Exercise aim:
Print the data exactly. Pictures stay out.

Dataset content:
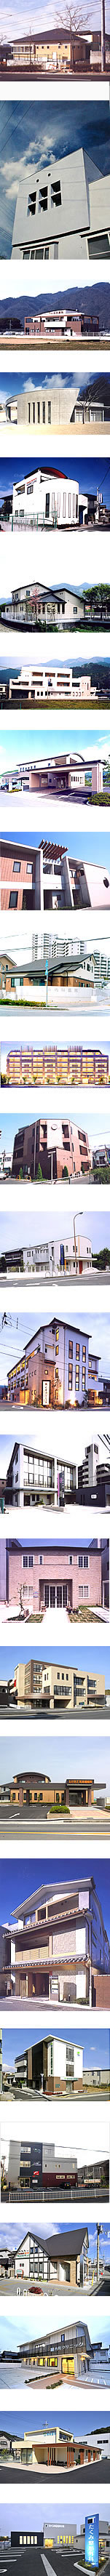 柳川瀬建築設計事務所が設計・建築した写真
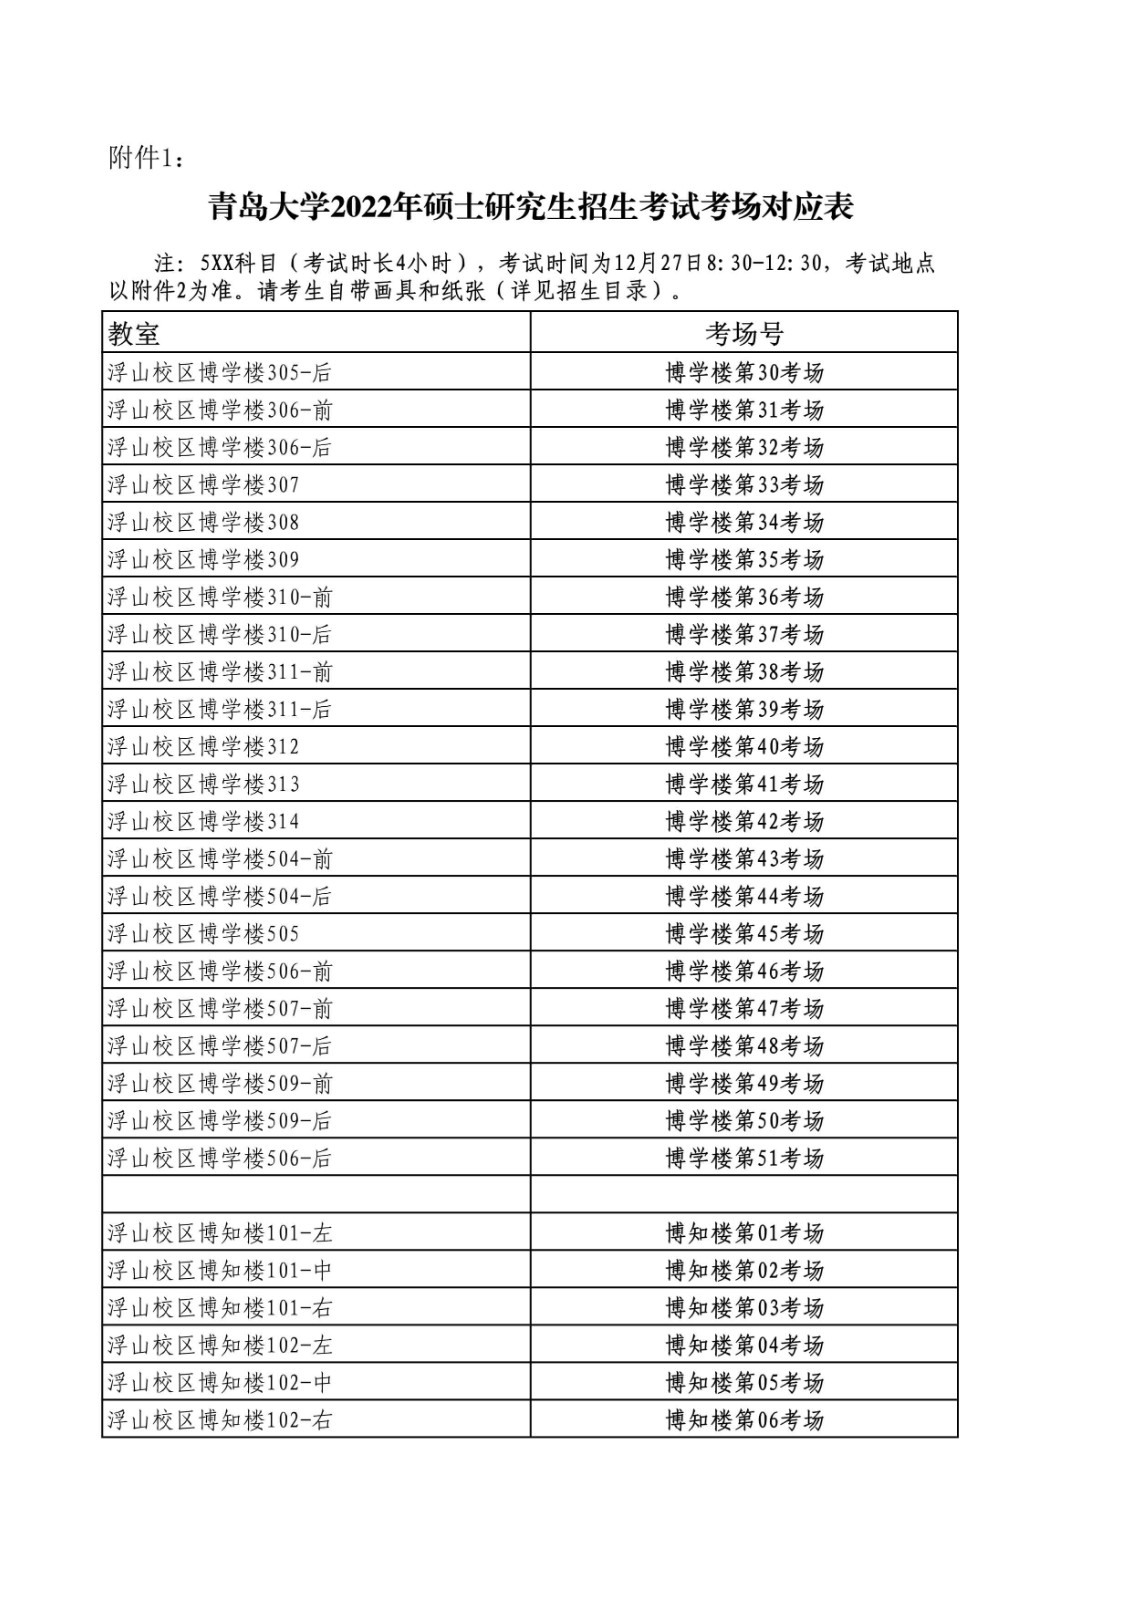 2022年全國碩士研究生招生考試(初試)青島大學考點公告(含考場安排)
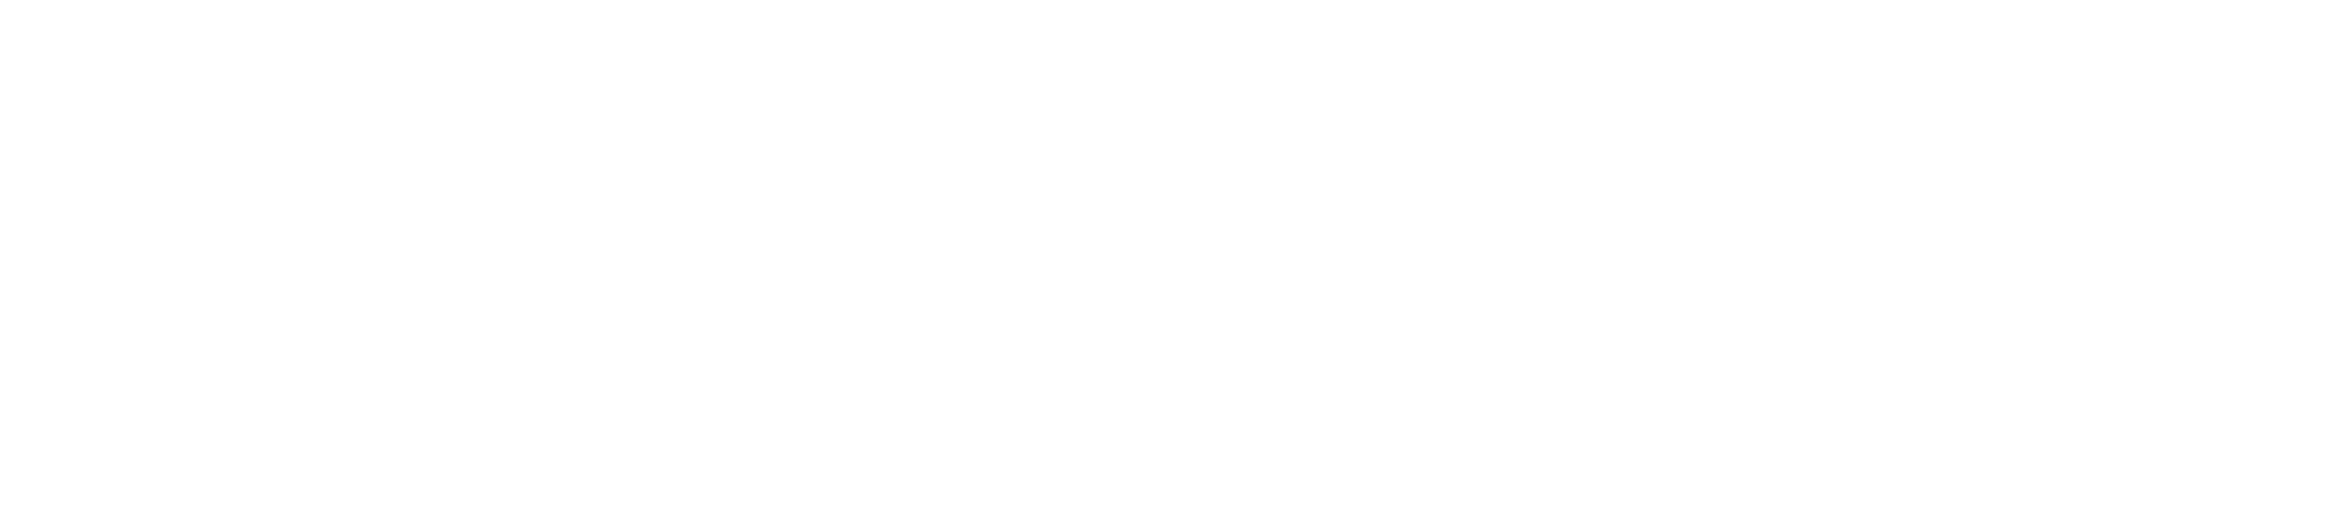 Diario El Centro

Exercise answer:
 柳川瀬建築設計事務所が設計・建築した写真
 2022年全國碩士研究生招生考試(初試)青島大學考點公告(含考場安排)
 Diario El Centro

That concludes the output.